#### TASK ITEM:
Reproduce the listing in its entirety. Do not reproduce the pictures.

*** DATA BLOCK ***

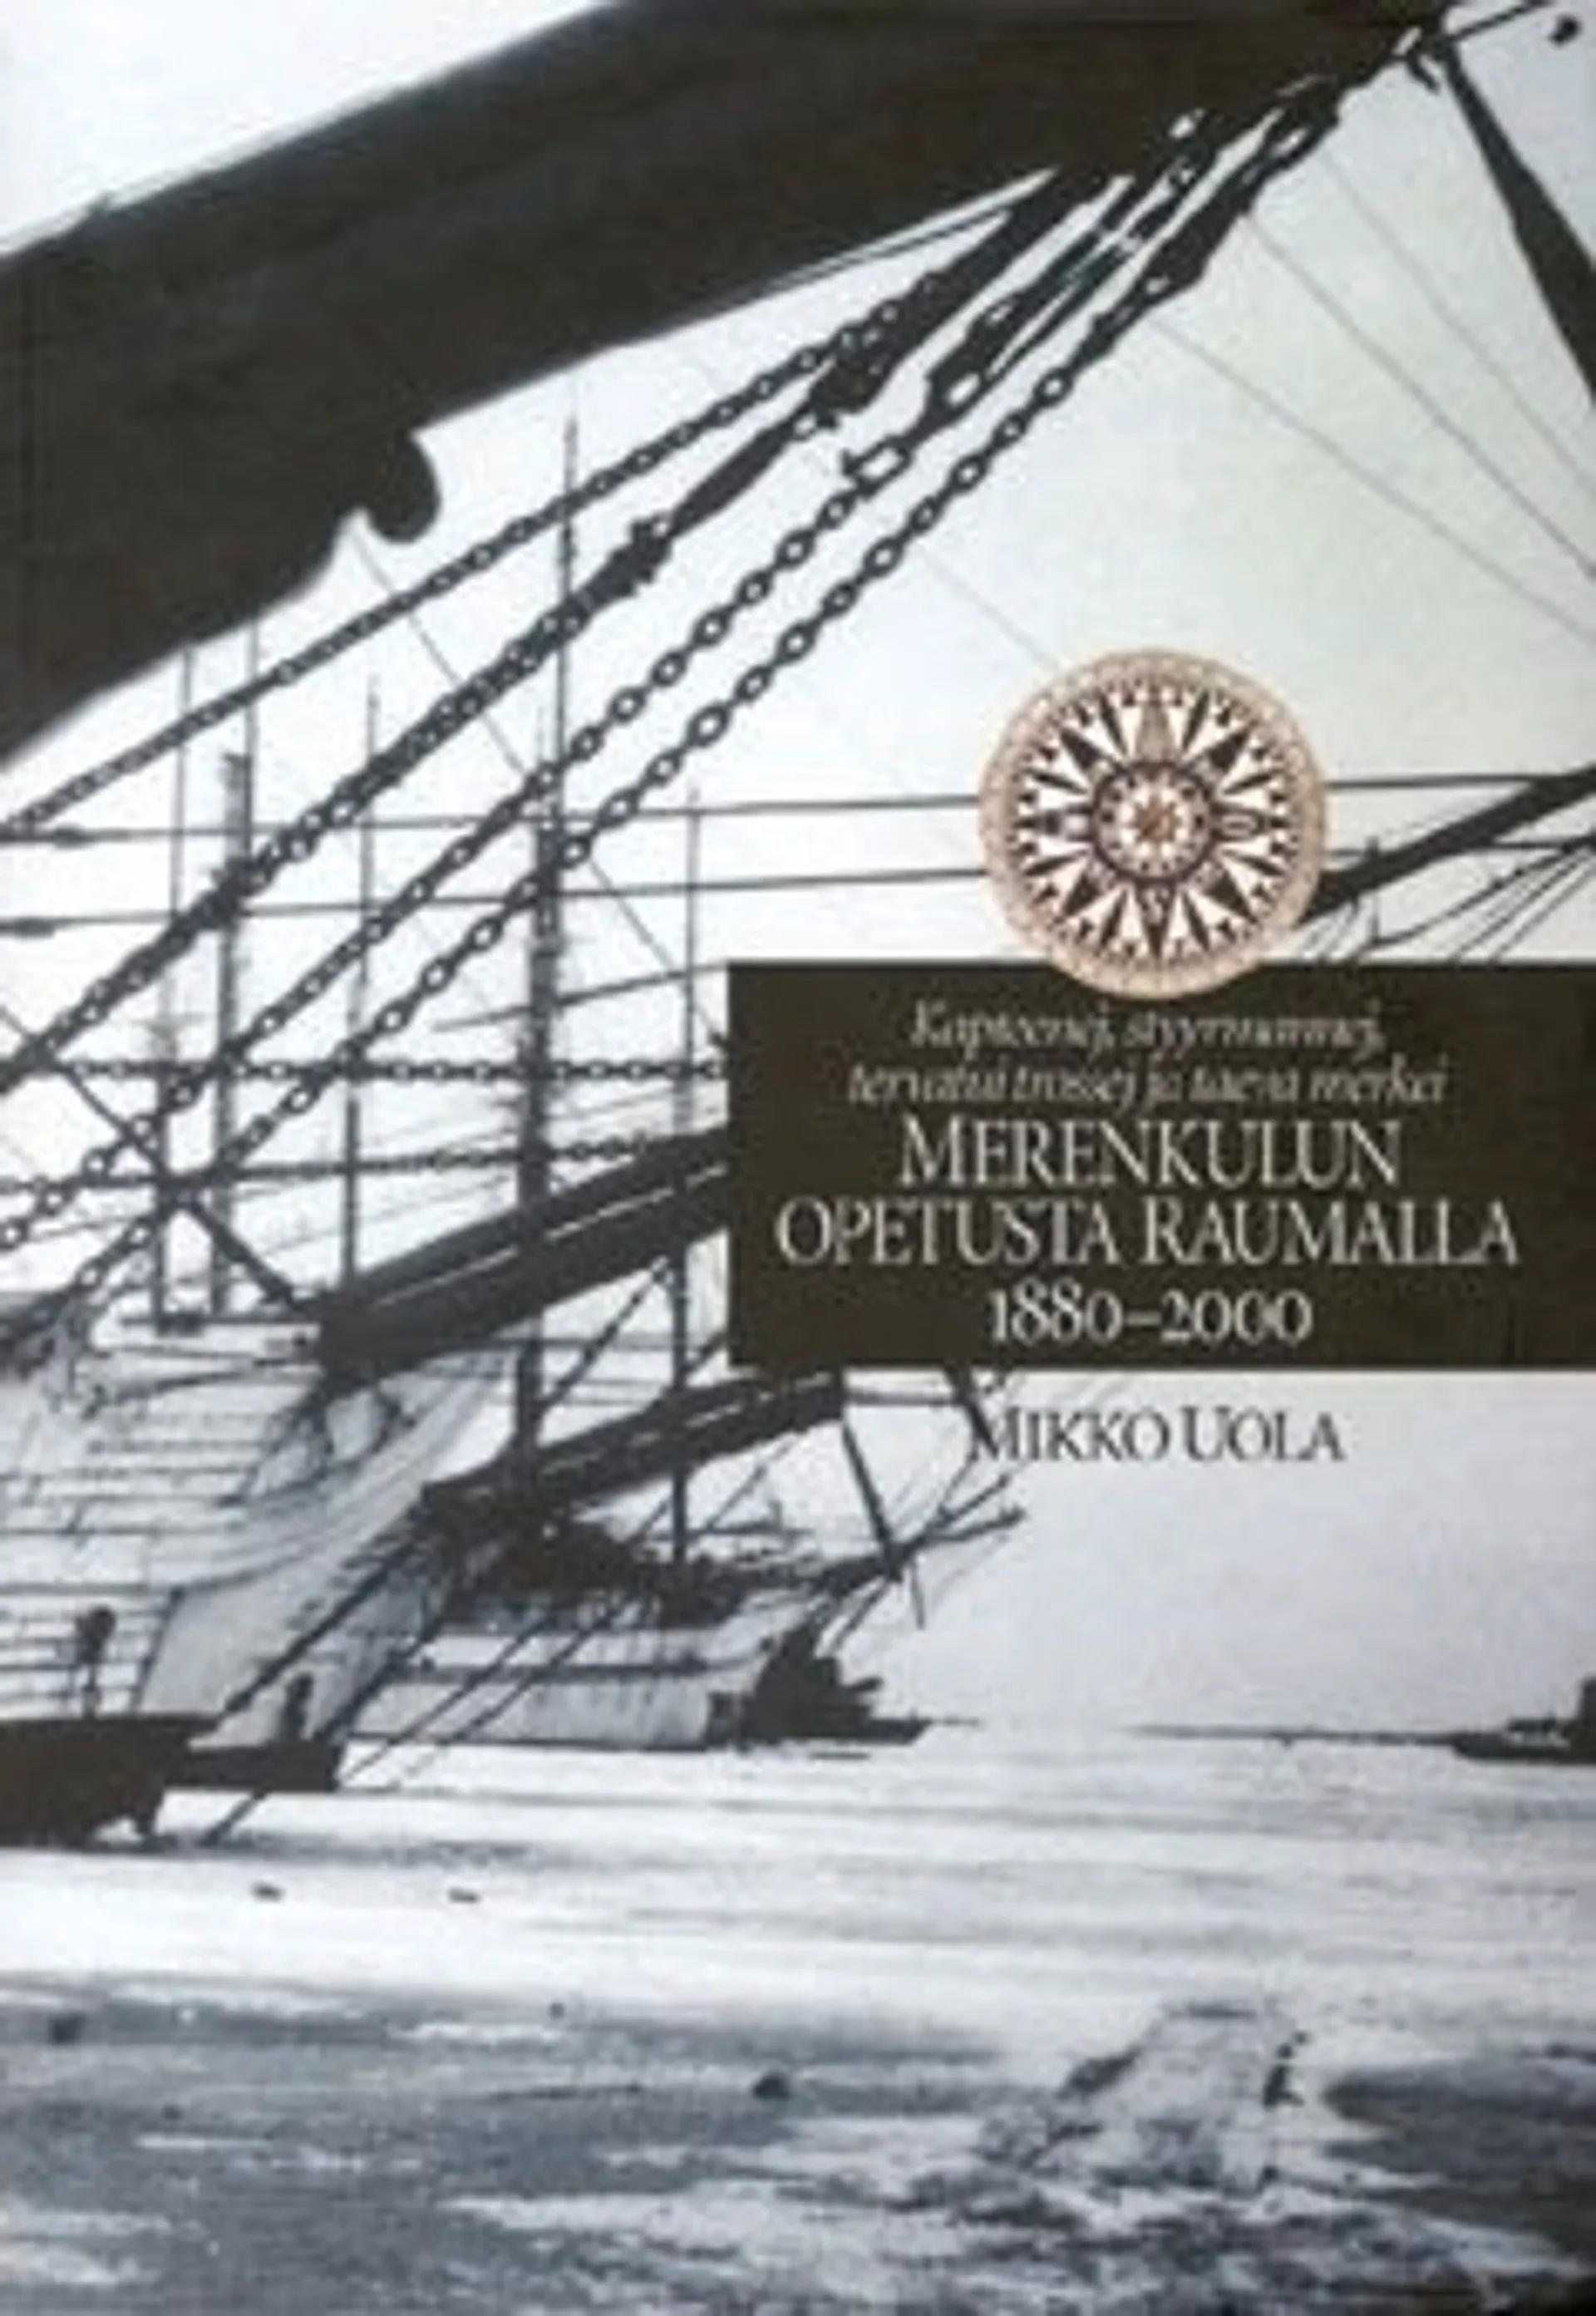 Merenkulun opetusta Raumalla 1880-2000
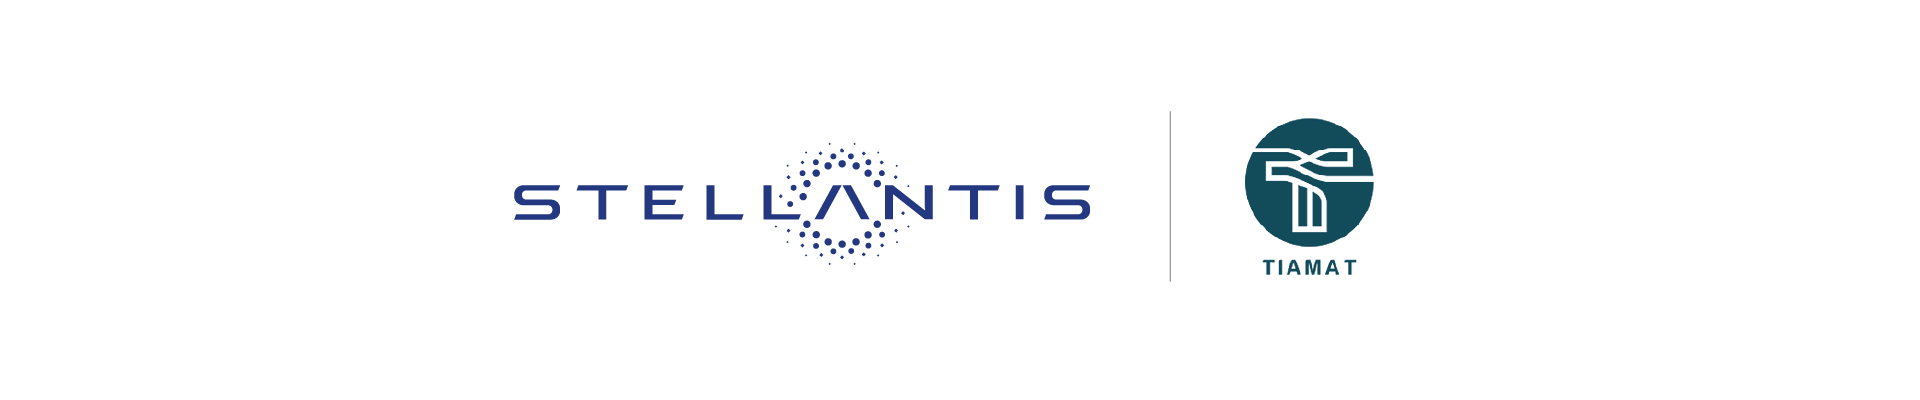 Image Logo of Stellantis-Tiamat
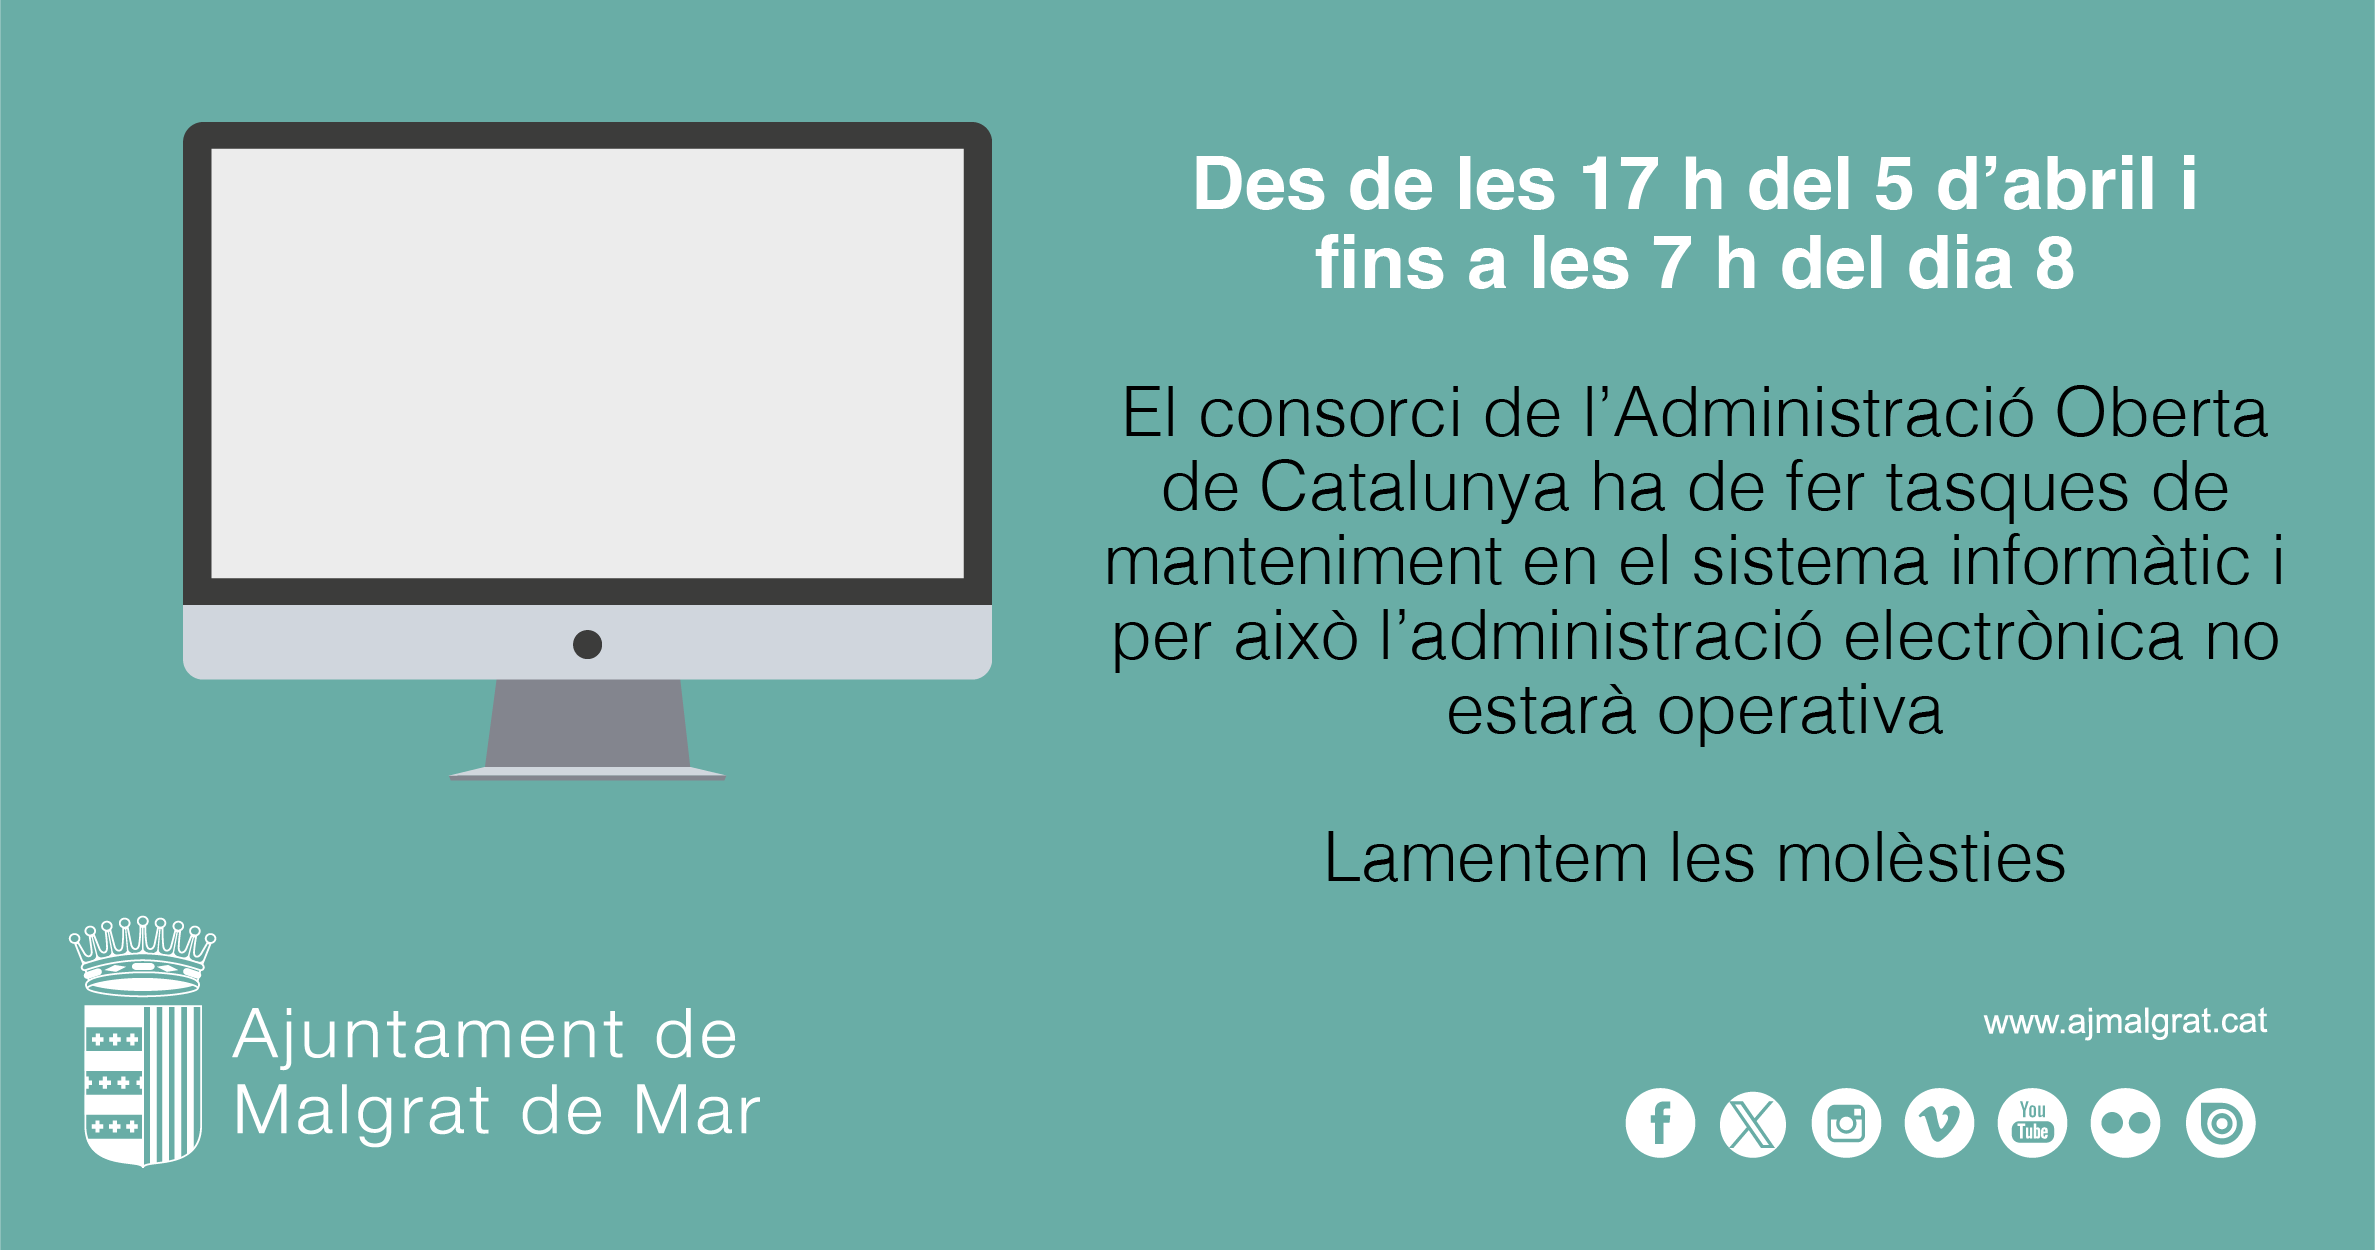 L'administració electrònica no estarà operativa de les 17 h del 5 d'abril fins a les 7 h del dia 8 
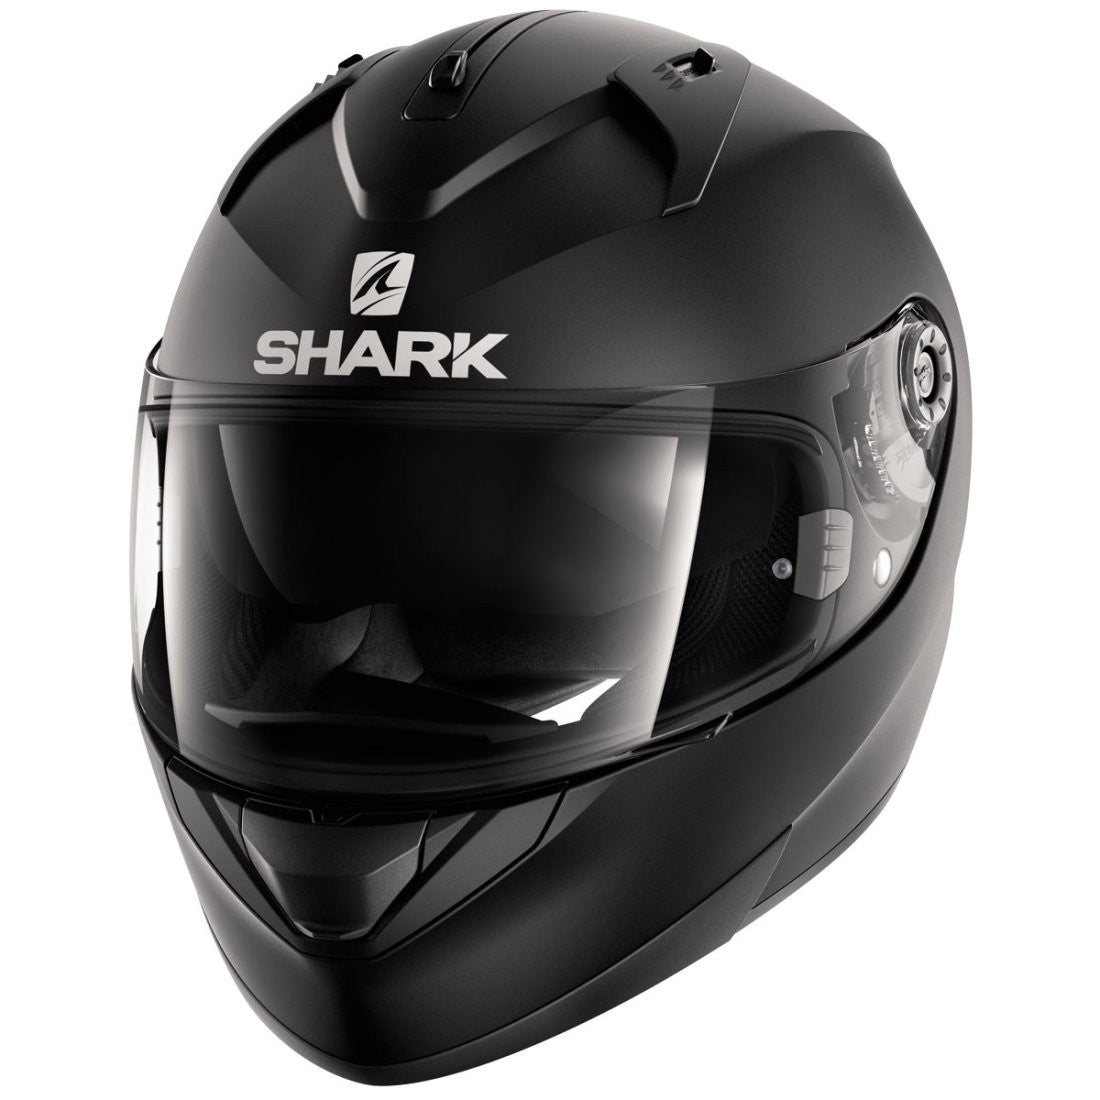 Shark Ridill Blank Matt Black Full Face Road Helmet

***

#### WRITTEN ANSWER:
 Merenkulun opetusta Raumalla 1880-2000
 Image Logo of Stellantis-Tiamat
 L'administració electrònica no estarà operativa de les 17 h del 5 d'abril fins a les 7 h del dia 8 
 Shark Ridill Blank Matt Black Full Face Road Helmet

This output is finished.